沈青妩满脸无奈:“蔷薇啊,这事儿只怕不妥当,当初曲家退婚,郑舟行被郑家赶出府,冯泽兰求到老爷跟前,老爷可是没给一点儿面子,若贸贸然去榜下捉婿,只怕会自取其辱。”
“初叶呢?可对郑家公子还有情?”沈蔷薇看曲初叶。
曲初叶年十七,正是姑娘家最美的年纪。
发髻松松的挽着,只斜斜簪了一支海棠珠钗,几缕青丝垂在耳畔,身材纤秾合度,穿一件鹅黄色对襟褙子,领口绣着缠枝莲纹,露出月白色的抹胸。腰间系着豆绿丝绦,垂下一只白玉双鱼佩。
听到沈蔷薇的话,低下头,长长的睫毛遮住了眼波,十指交握,欲言又止。
沈蔷薇也是过来人了,看曲初叶这般,笑着对沈青妩说:“姑母,女儿家的心思总是含羞带怯的,妹妹自小就跟郑舟行定亲,怎么能没有情份,要我说啊,就看郑舟行是不是也对妹妹有请,若有请,榜下捉婿便是佳话,哪里会被羞辱?”
曲初叶听到这话,抬起头看着母亲。
沈青妩蹙眉:“你还对那郑家小子有请?”
“母亲,女儿想去看看,他寒窗苦读多年,若他尚对女儿有情,女儿、女儿便与他白头。”曲初叶柔声:“若不是他,女儿宁愿孤独终老。”
“姑母。”沈蔷薇拉住了沈青妩的衣袖:“妹妹对郑舟行一片痴心,成全了吧。”
还不等沈青妩说话,外头进来的婆子有些慌张,到沈青妩的耳边说:“夫人,外头来了太监,让接旨。”
沈青妩问:“老爷可回了?”
“回了,在门口,都没来得及进门。”婆子说。
沈青妩让沈蔷薇略等等,率领家里人去接旨。
前院。
已经设好了香案。
沈青妩率领女眷跪在后头,曲初叶低着头,心里盘算着要去见郑舟行,她只盼着郑舟行能高中,若不然她身为曲家女,只能听父母的安排。

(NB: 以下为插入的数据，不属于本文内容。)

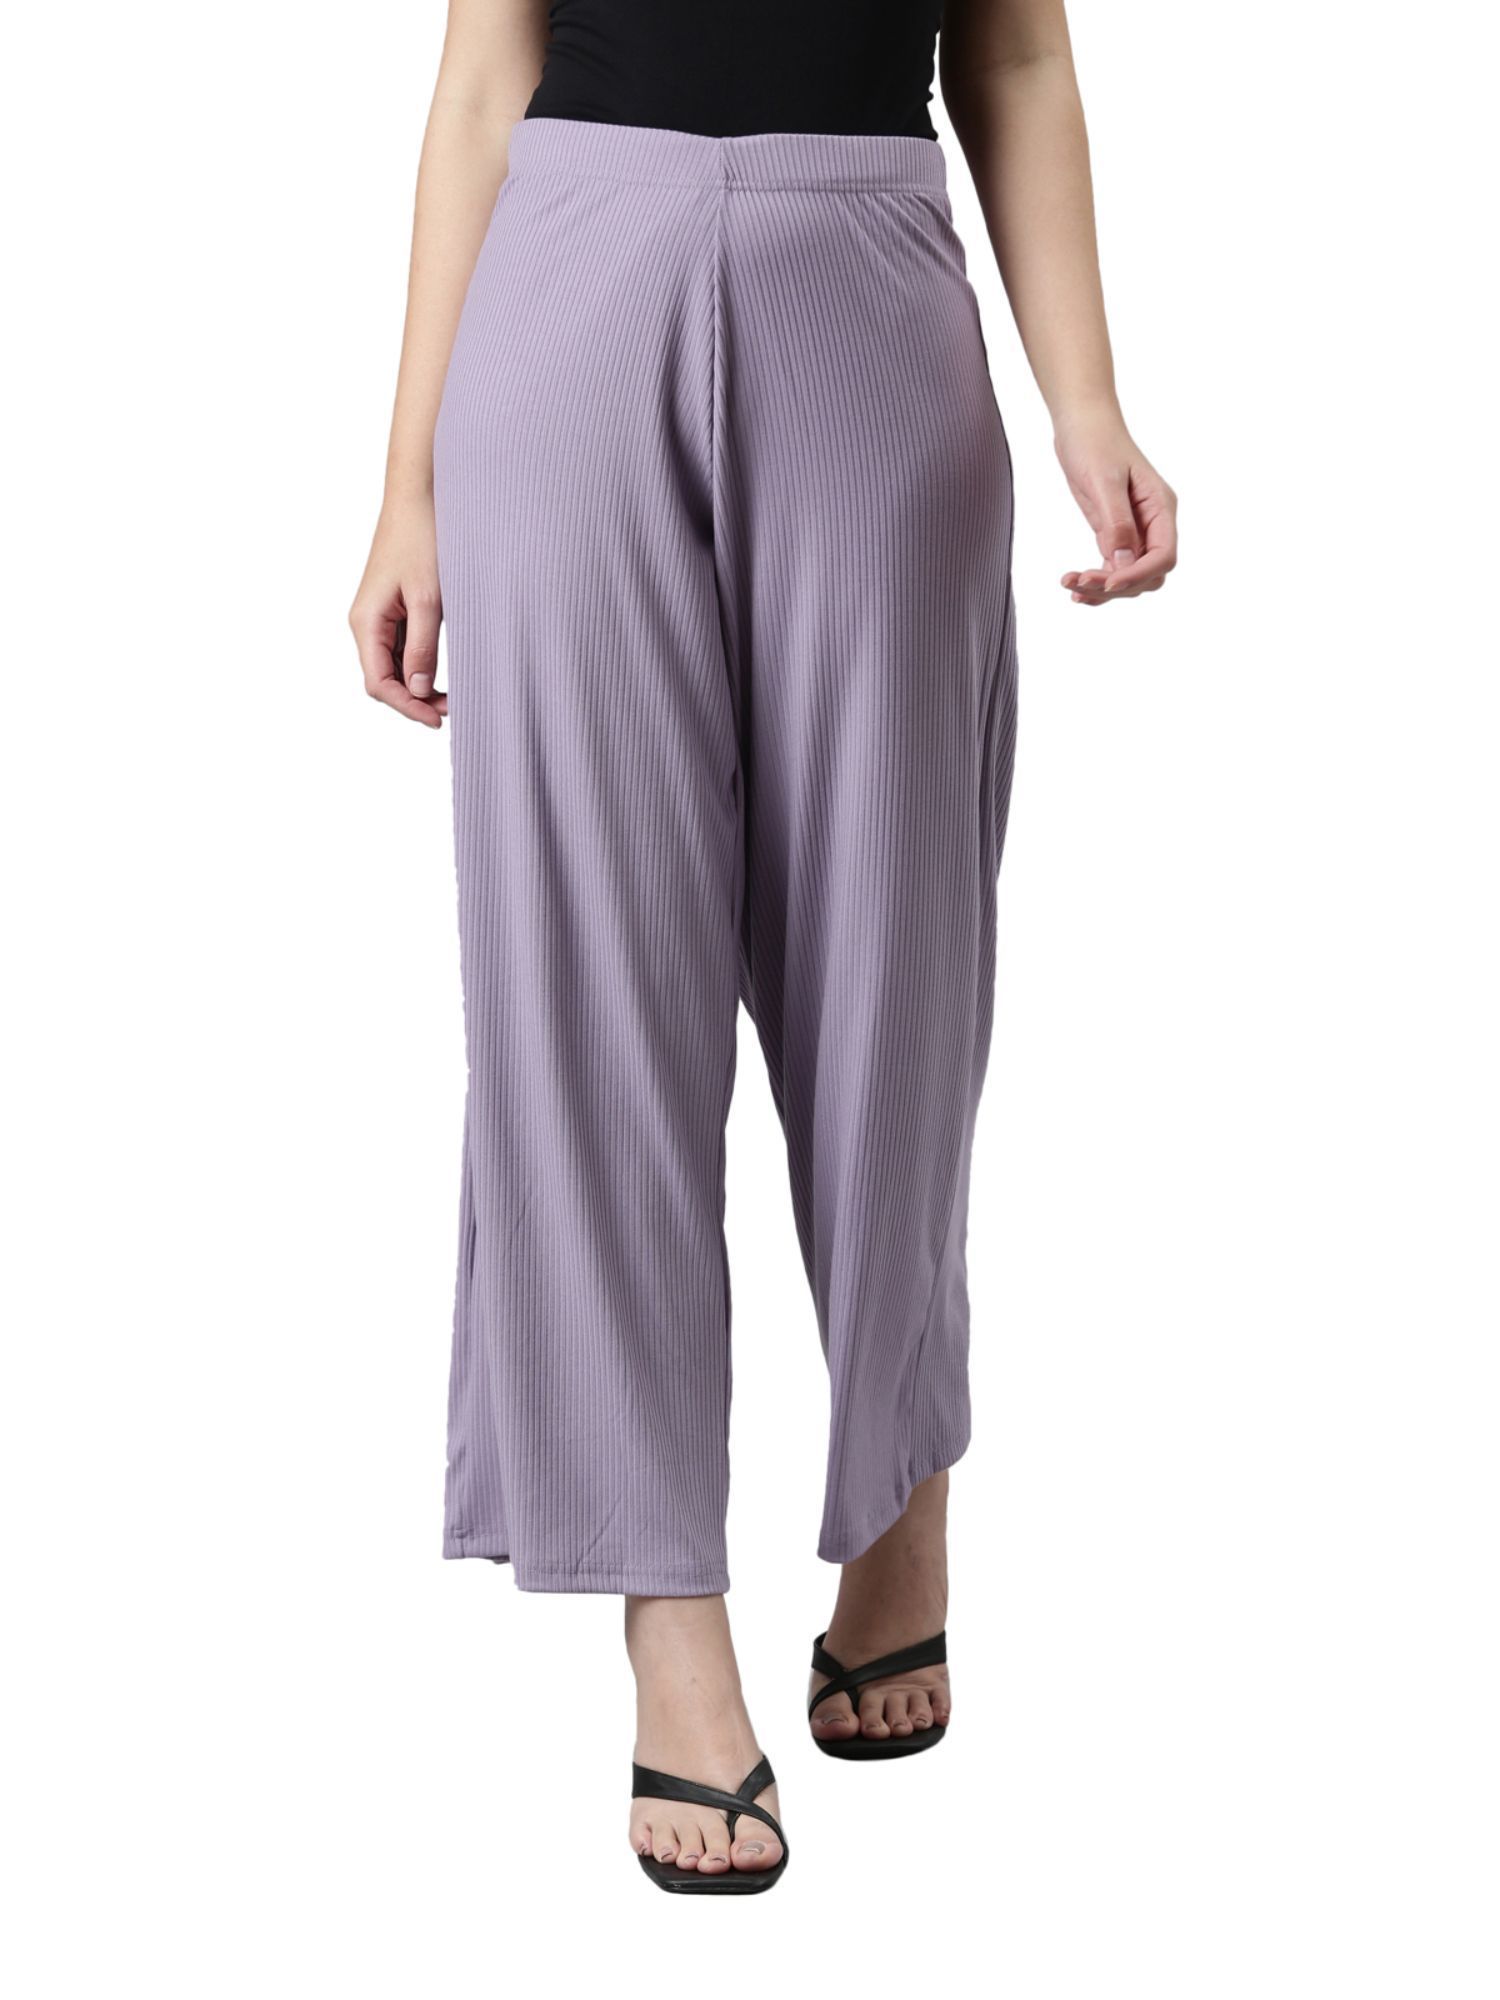 GO COLORS Light Beige Pencil Pants Linen Blend in Chennai at best price by Go  Colors (Head Office) - Justdial

当她听到太监诵到‘御史中丞曲靖之女曲初叶’时,猛地抬起头,后知后觉低下头时,如坠冰库?
赐婚?把自己赐给谁了?
曲靖接旨,身为掌家夫人,沈青妩立刻准备了丰厚的礼给宣旨太监。
院子里的人太多,曲初叶不知道是谁扶着她起身的,转过头看到沈蔷薇不知何时站在廊檐下,眼圈一红,低下头急匆匆的走了。
沈青妩来不及照顾沈蔷薇,沈蔷薇也识趣,悄悄的离开了,在门外看到了常建勋的亲随,心里喜忧参半,曲初叶被赐婚九皇子,那新科状元就要落到身家了!
“少夫人,三公子请您立刻回府。”亲随上前。
沈蔷薇微微点头,弯腰要上马车的时候,突然被拉住了衣袖,回头看曲初叶脸色苍白的模样,收回身子站好,两只手握住曲初叶的手:“妹妹,这是大喜事。”

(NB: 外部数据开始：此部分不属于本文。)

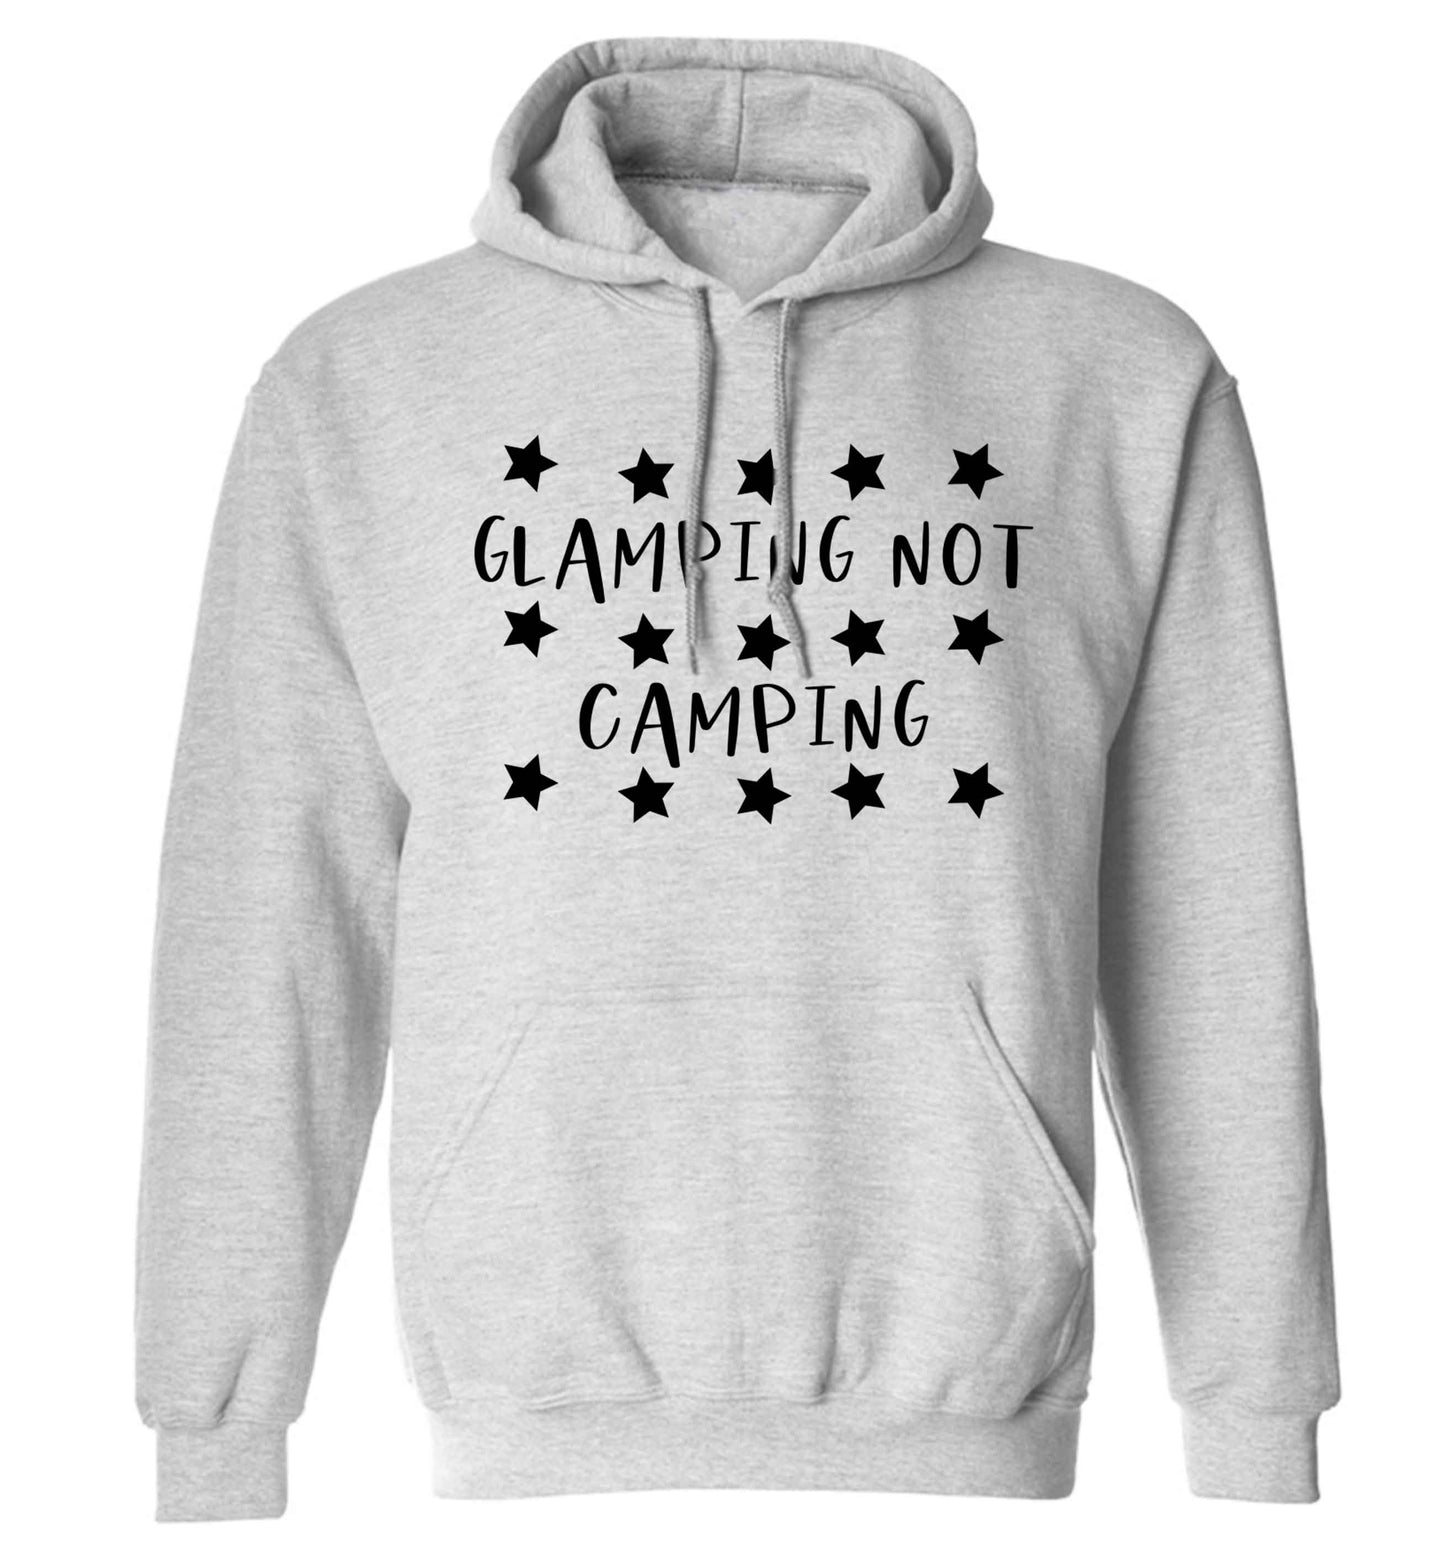 Glamping not camping adults unisex grey hoodie 2XL

“能不能替我去看看他?”曲初叶声音颤抖:“他今日最后一场,若能见一面,此生无憾了。”
沈蔷薇想了想,点头:“好。”
曲初叶目送沈蔷薇离开,身子几乎都靠在丫环身上,失魂落魄的回府去了。
沈蔷薇没有亲自去,而是安排了身边的丫环往考场去。
最后一场,郑舟行刚出场,就被一个丫环拦住了去路:“公子,曲家小姐要见您。”
“见我?”郑舟行笑了:“不必。”
“确实,赐婚九皇子是何等殊荣?见郑公子作甚?断他前途吗?”春喜公公上前,淡淡的说:“郑公子,咱家来接您。”
郑舟行跟春喜公公离开,丫环急匆匆回去送信儿。
“公公,我想见泠娘姑娘。”郑舟行说。
春喜公公笑了:“姑娘在等您,请随咱家来。”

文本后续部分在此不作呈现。